Example (3.47), Actex Manual, Mod.3, Pag 28

[Actuario]

Hi,

Using the direct calculation method, I am not seeing how E(N²) is calculated as:

0.5(5² + 5) + 0.5(1² + 1) = 16

In my mind, this would've been:

0.5(5²) + 0.5(1²) = 13

I do see how the double expectation theorem works though.

What am I not understanding?

[Kazodev]

Quote:

Originally Posted by Actuario

Hi,

Using the direct calculation method, I am not seeing how E(N²) is calculated as:

0.5(5² + 5) + 0.5(1² + 1) = 16

In my mind, this would've been:

0.5(5²) + 0.5(1²) = 13

I do see how the double expectation theorem works though.

What am I not understanding?

Care to post the actual question?

[Abraham Weishaus]

Let me guess (I don't have the Actex manual):

You are given an equally weighted mixture of two Poisson distributions, with the first having a mean of 5 and the second having a mean of 1. Calculate the variance of the mixture.

How did I do?

[Qisoneminusp]

Yes, that is exactly what kind of problem this is.

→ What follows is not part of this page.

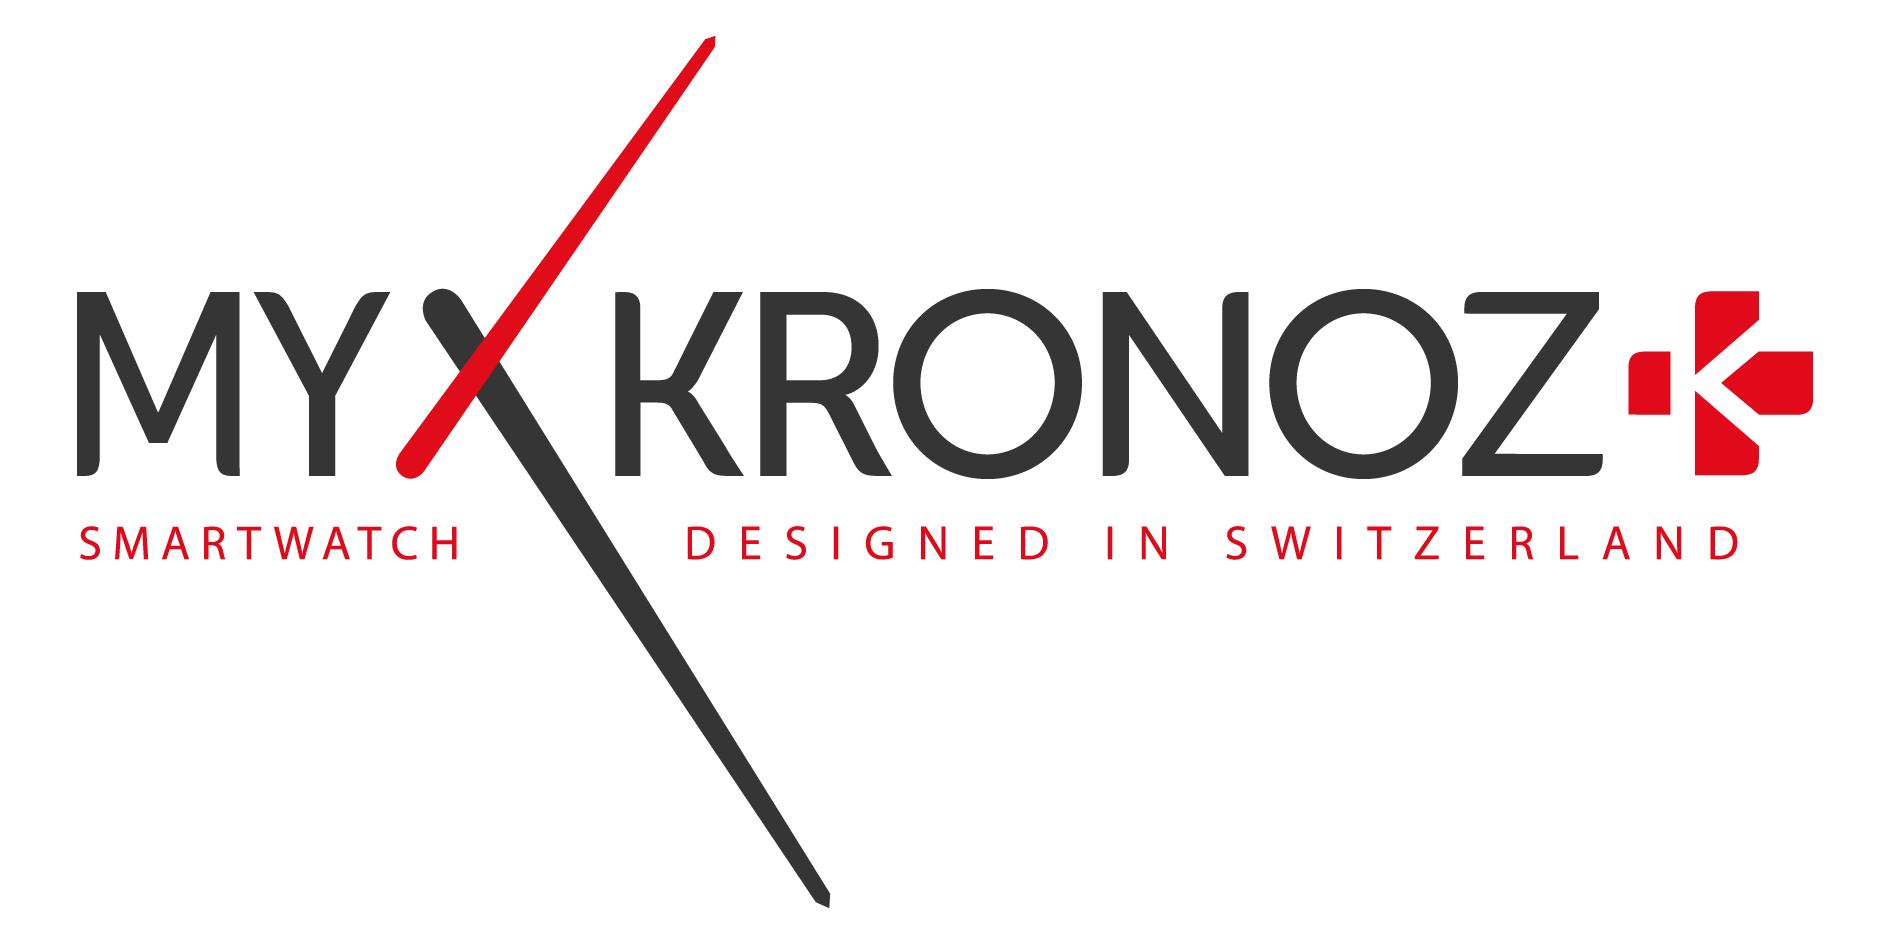 Guide d'achat : les meilleures smartwatch MyKronoz à moins de 100 euros

Given 50% Good drivers, 50% Bad drivers.
LambdaG = 1, LambdaB = 5
Find E(N^2).

It then shows:
E(N^2) = .5(Nbad^2) + .5(Ngood^2)
E(N^2) = .5(5^2 + 5) + .5(1^2 + 1)

What formula does this come from, or what is the logic behind this?

[Gandalf]

Line one is just the standard conditional expectation applied to N^2:

E(anything) = E(anything | A) * prob(A) = E(anything | ~A) * prob(~ A)

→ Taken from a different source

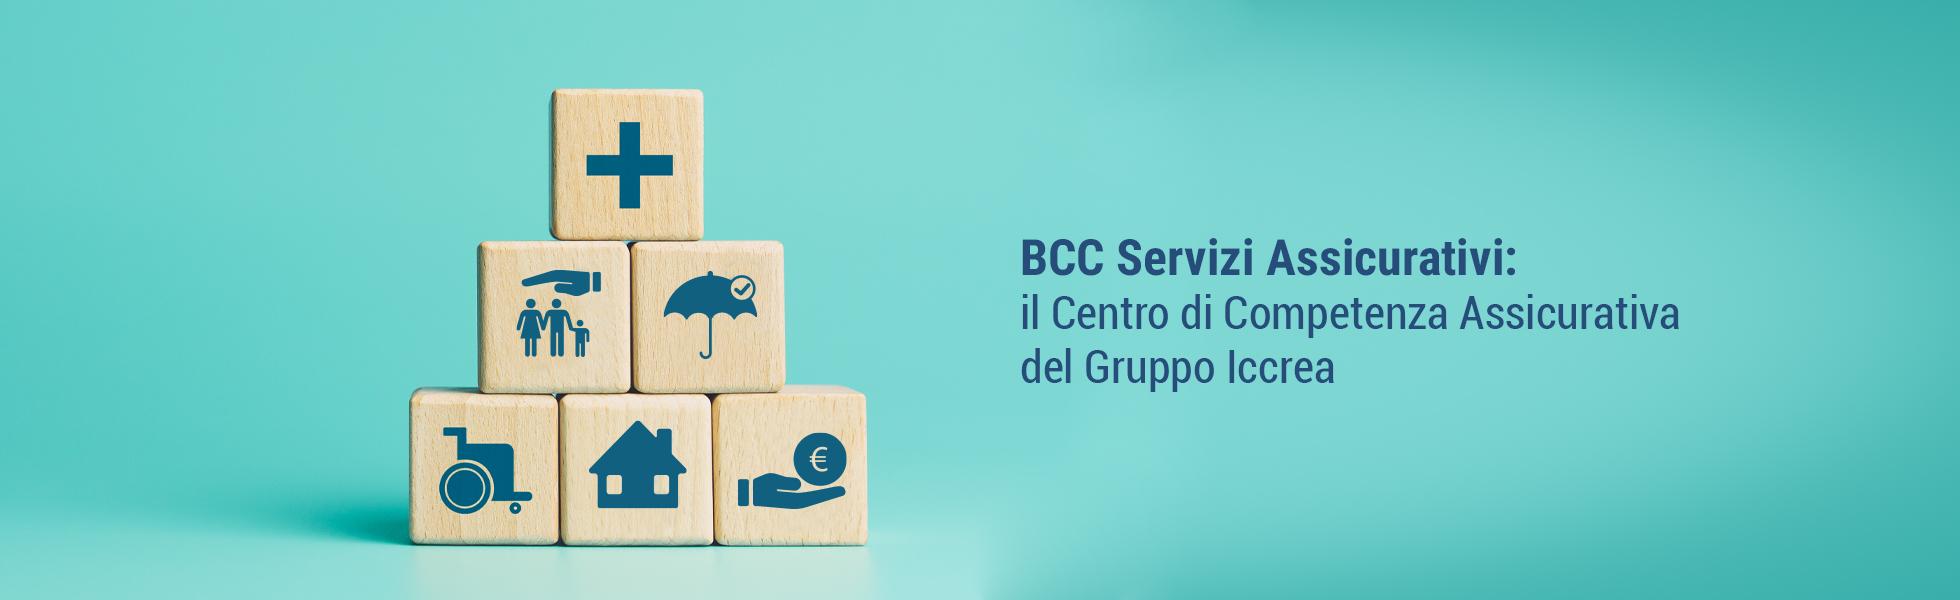 Centro di competenza assicurativa Gruppo Iccrea

Line 2 is just substituting in E(N^2|good) and E(N^2|bad)

[Actuario]

Quote:

Originally Posted by Gandalf

Line one is just the standard conditional expectation applied to N^2:

E(anything) = E(anything | A) * prob(A) = E(anything | ~A) * prob(~ A)

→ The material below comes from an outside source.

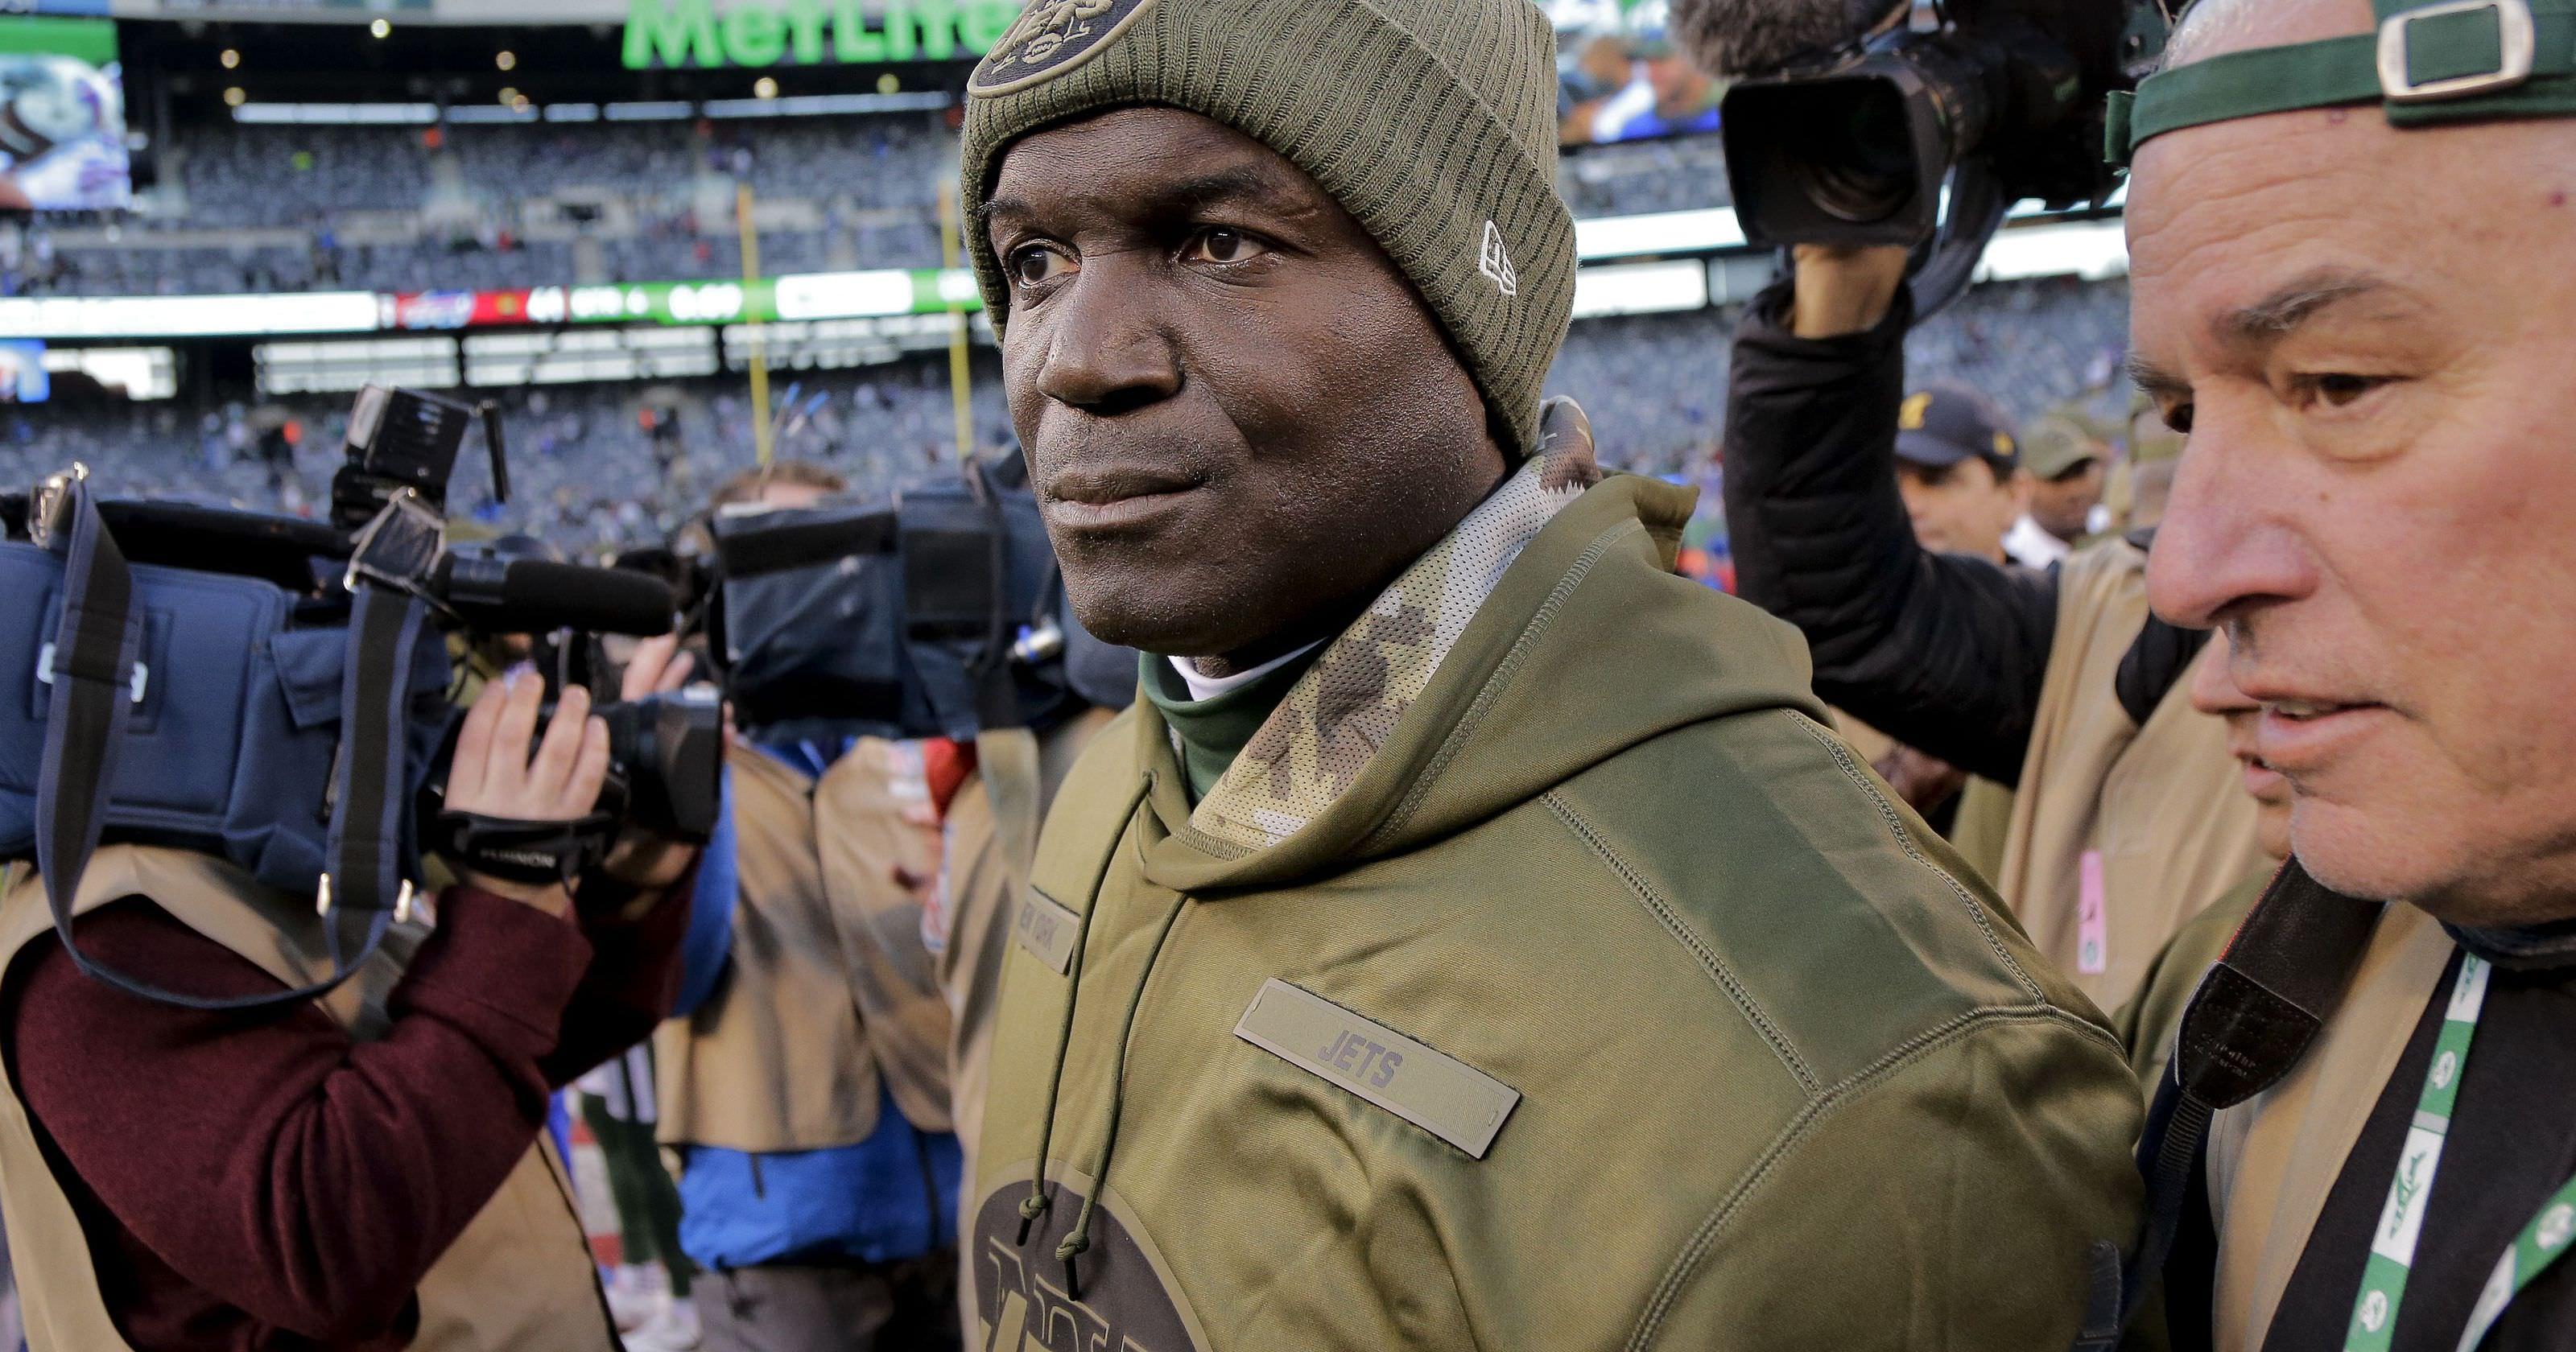 Bowles permanece como treinador do Jets apesar das lutas da equipe, perda ruim

Line 2 is just substituting in E(N^2|good) and E(N^2|bad)

Line 1 should read:

E(anything) = E(anything | A) * prob(A) + E(anything | ~A) * prob(~ A)

I still don't understand how line 2 works, I'm feeling

How do you get to 0.5(5² + 5) + 0.5(1² + 1) = 16 ?

[Gandalf]

If the distribution of Nbad is Poisson with mean 5, then
Var(Nbad) = E(Nbad^2) - (E(Nbad))^2; definition of variance
5 = E(Nbad^2) - 5^2 since Poisson with mean = variance =5
E(Nbad)^2 = 5^2 + 5
Similarly for Ngood.
.5's are P(good) and P(not good) = P(bad)

[Qisoneminusp]

:: slaps forehead ::

duh! Thanks for clearing that up!

[Actuario]

Awesome, thank you very much!!!